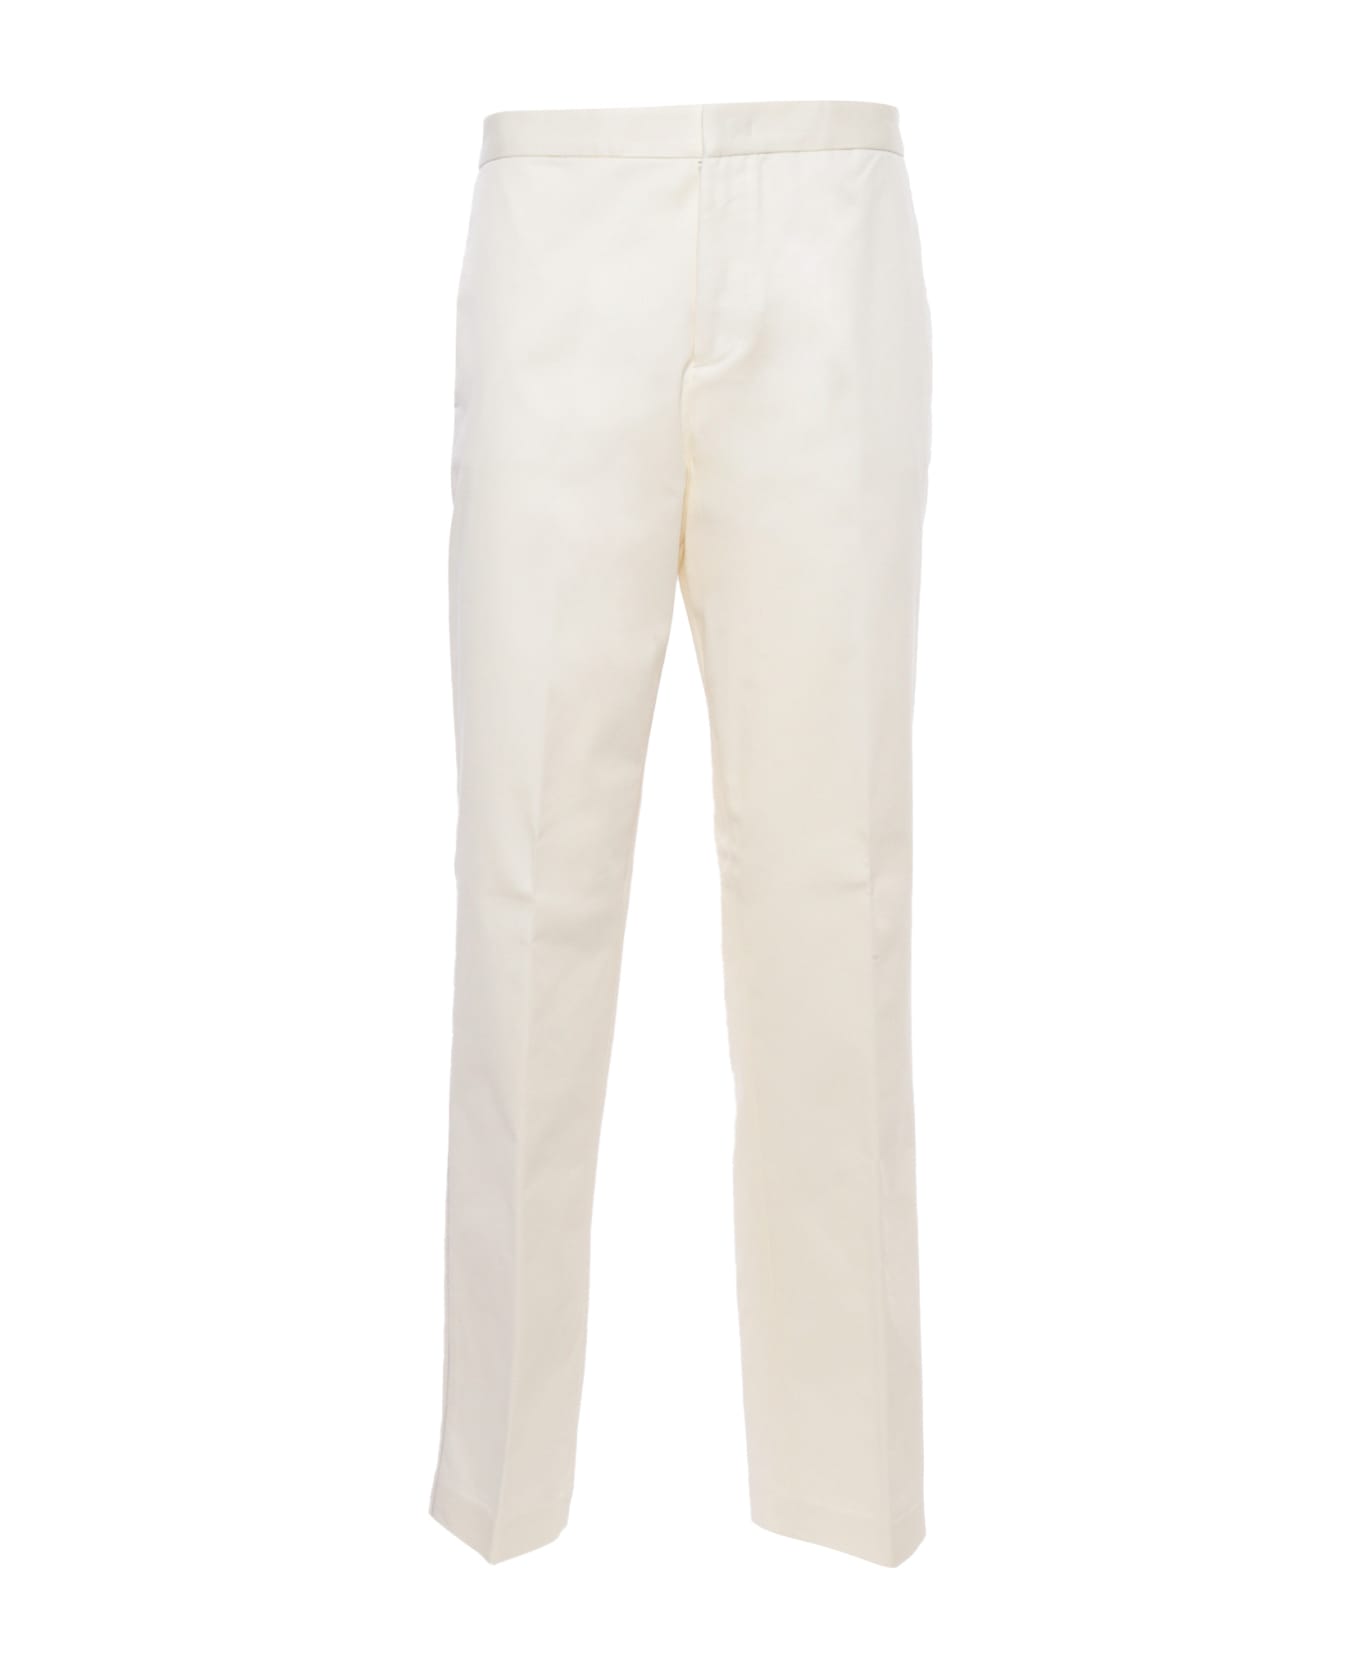 Fabiana Filippi Creamy White Trousers - WHITE
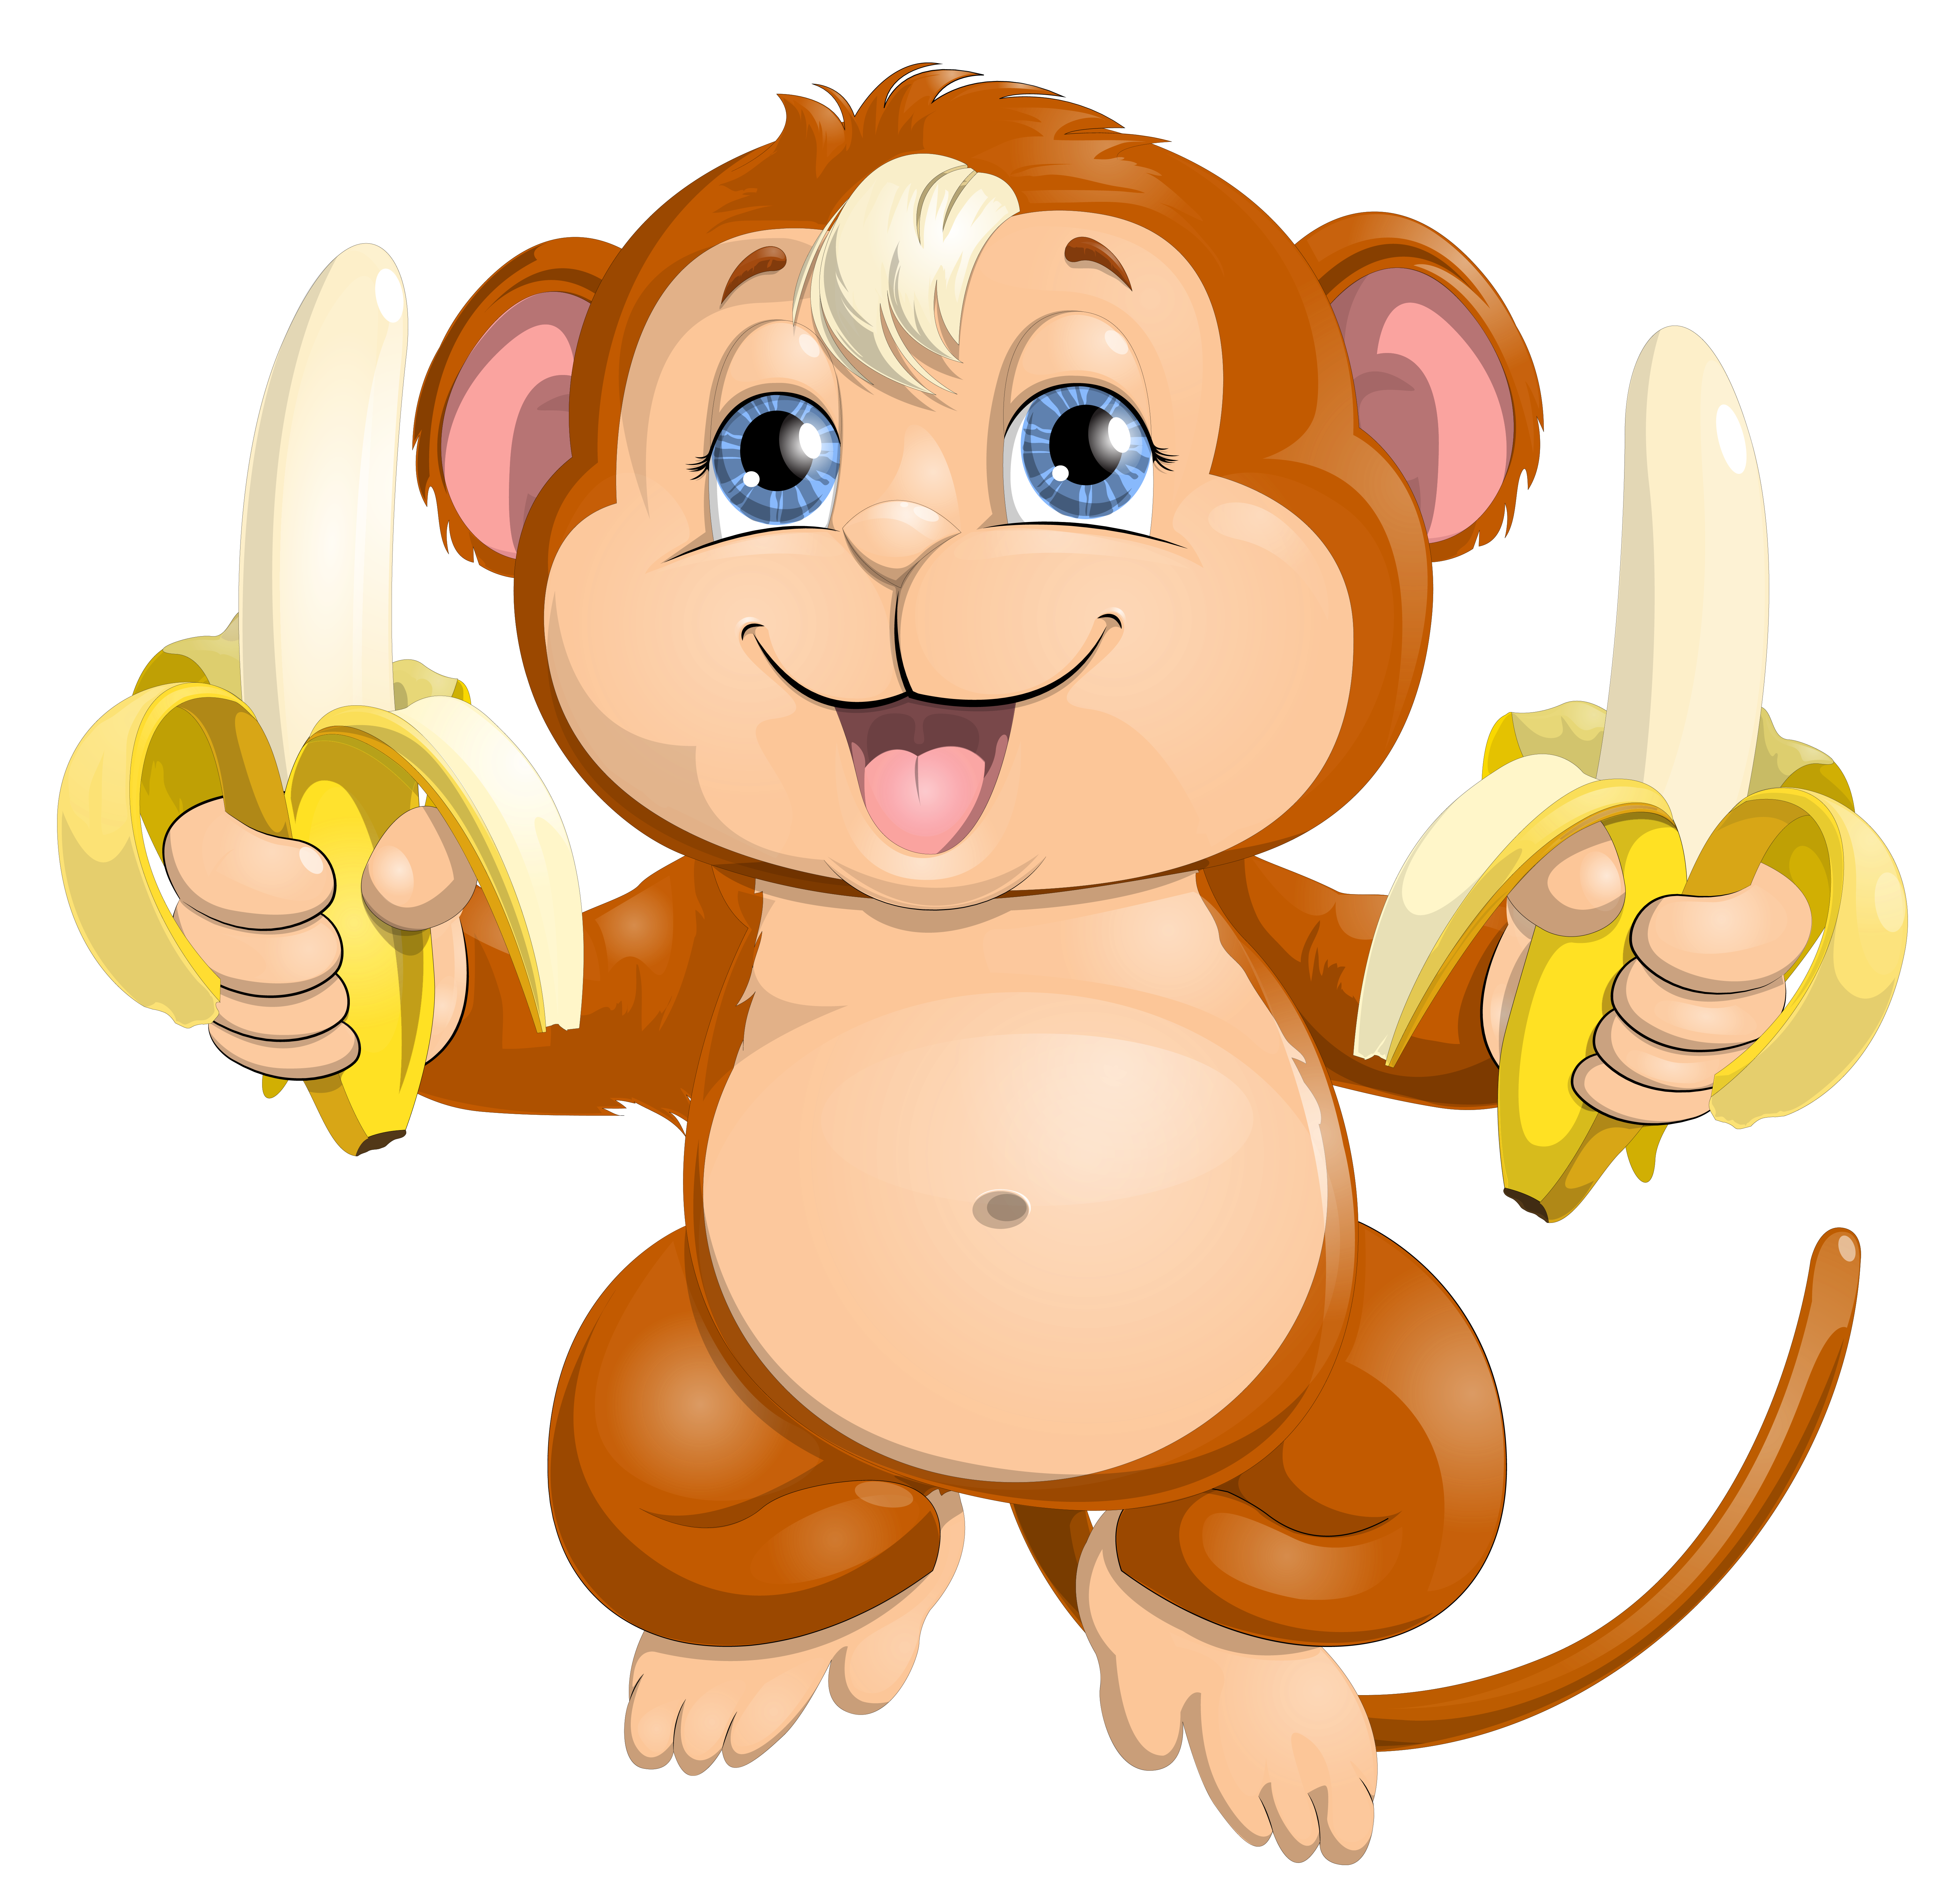  Monkey with Bananas
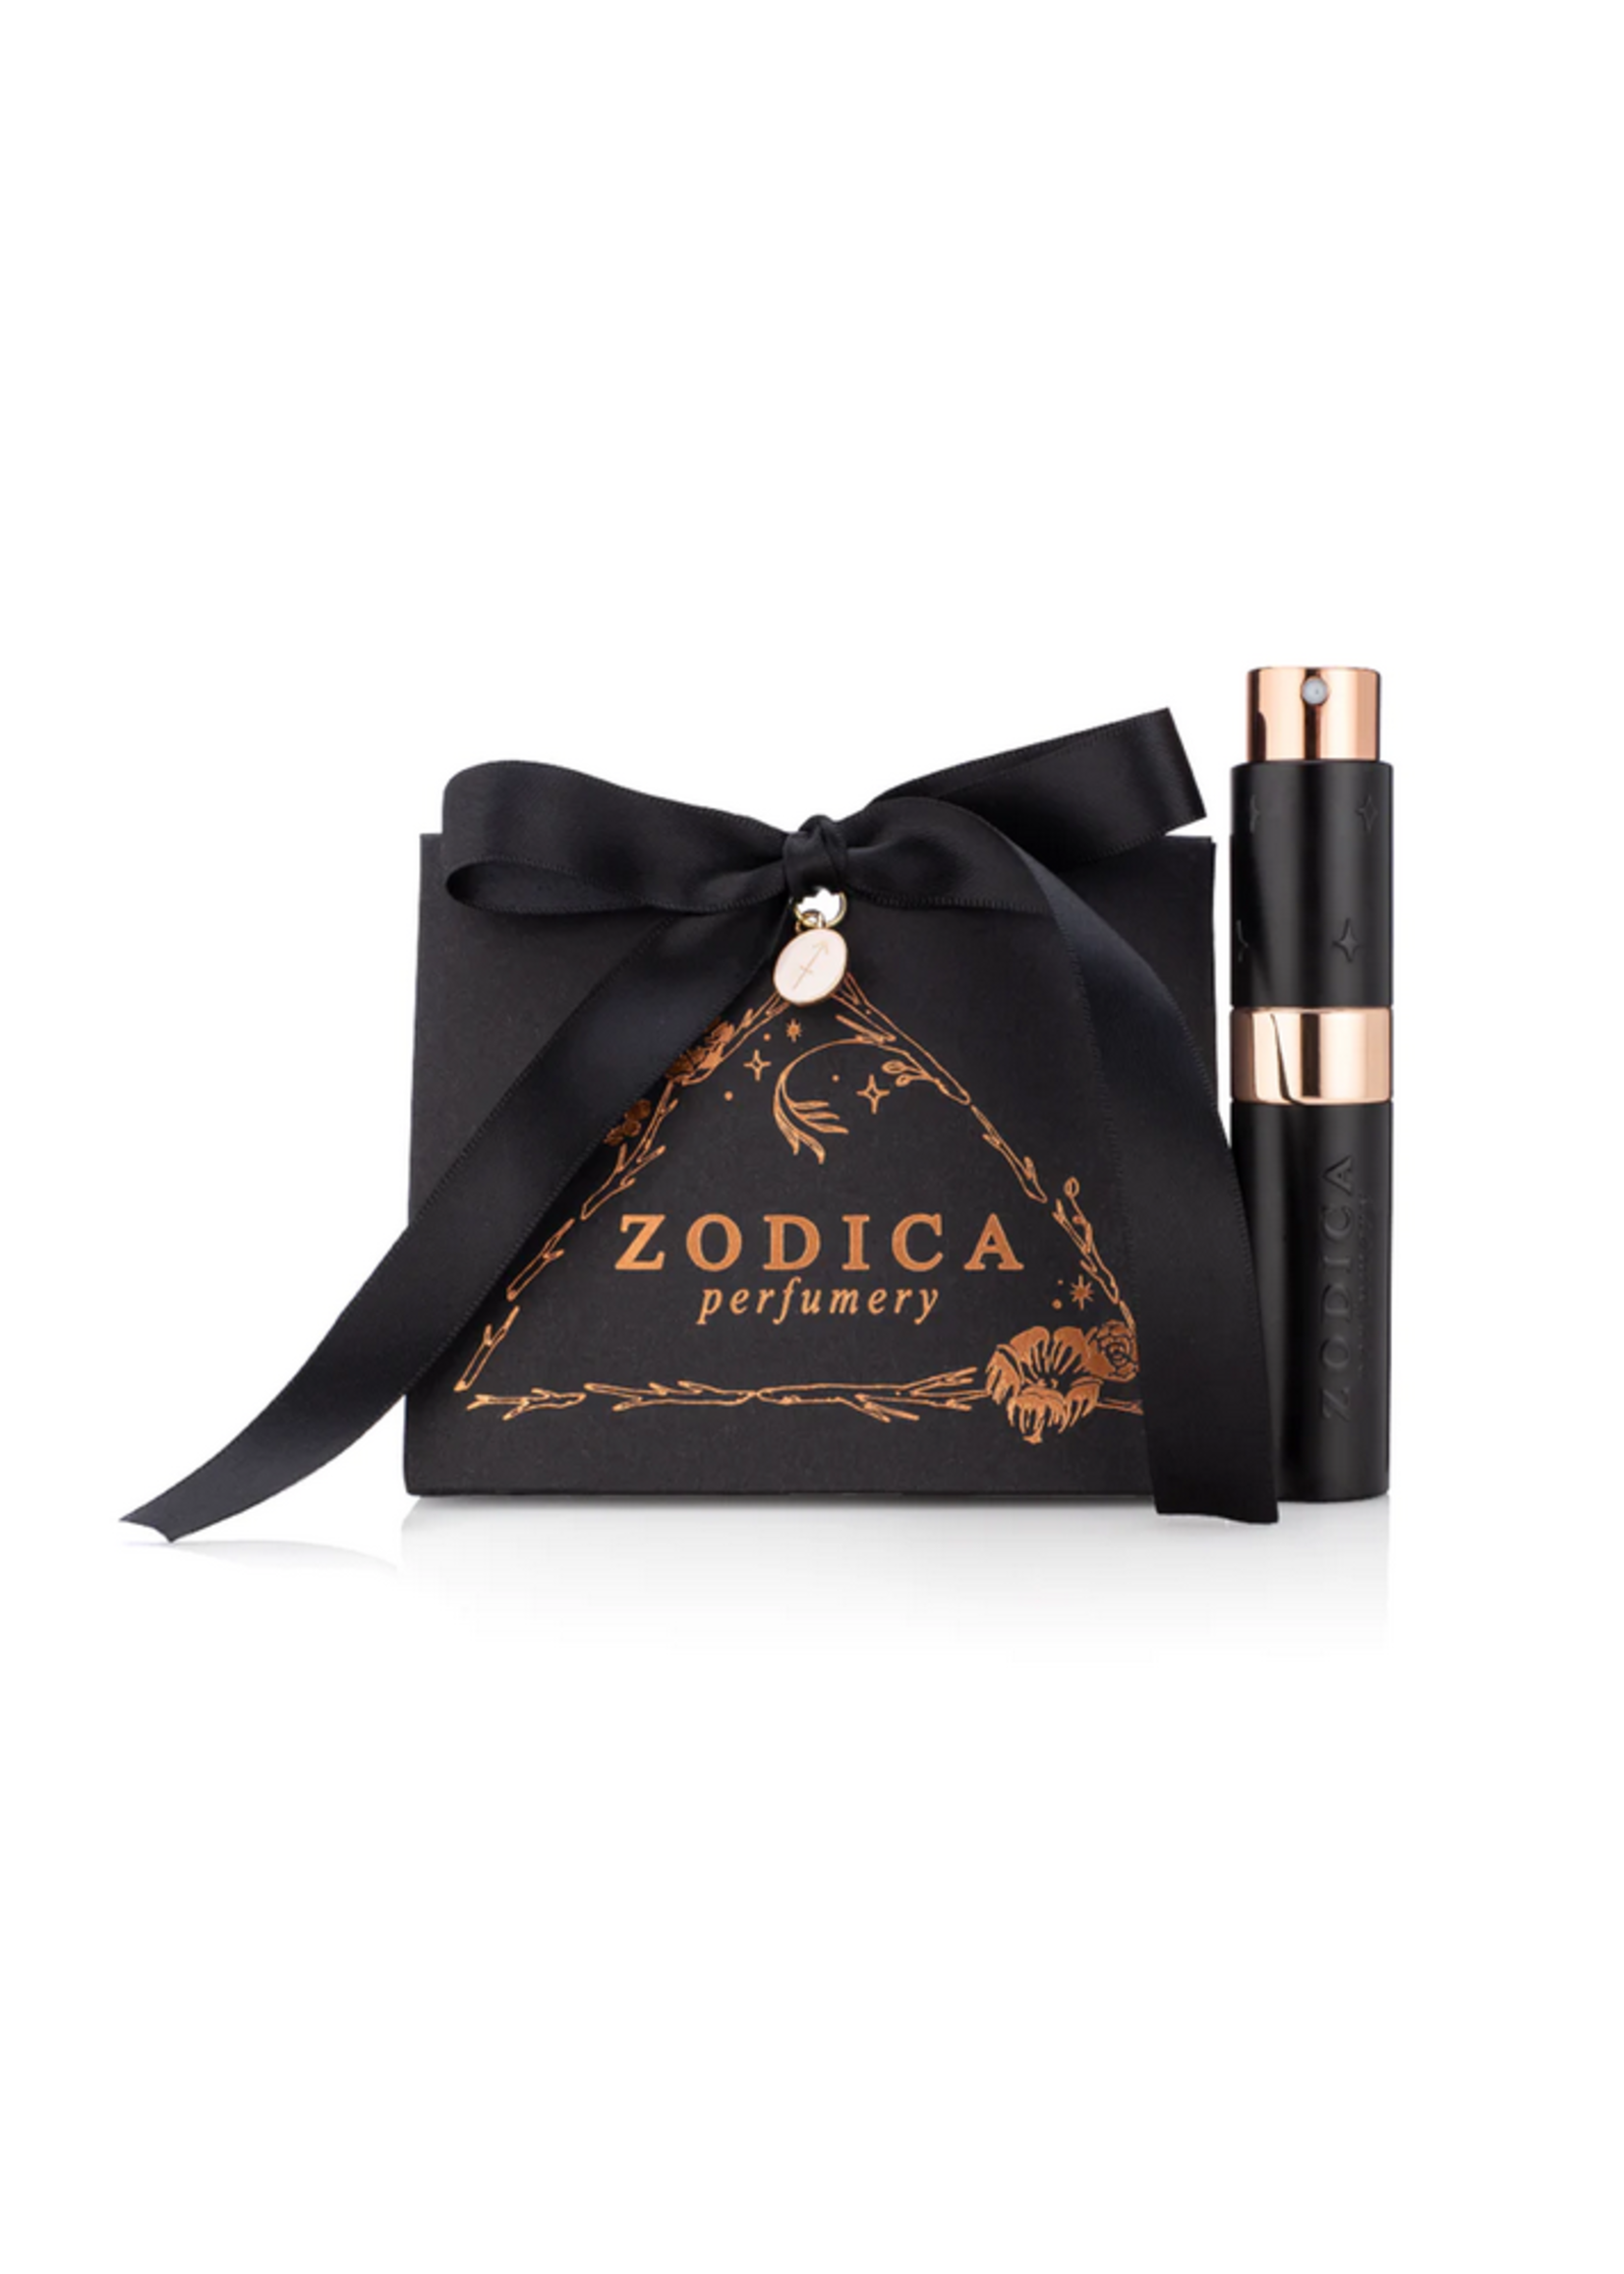 Zodica Perfume Twist & Spritz Travel Spray Gift Pisces
○ ○ ○ ○
## What is being asked
The required answer is an exact copy of the lines from the one containing "Monkey with Bananas" through the last line of the material, with the pictures removed.

## Completed exercise
  Monkey with Bananas
 Zodica Perfume Twist & Spritz Travel Spray Gift Pisces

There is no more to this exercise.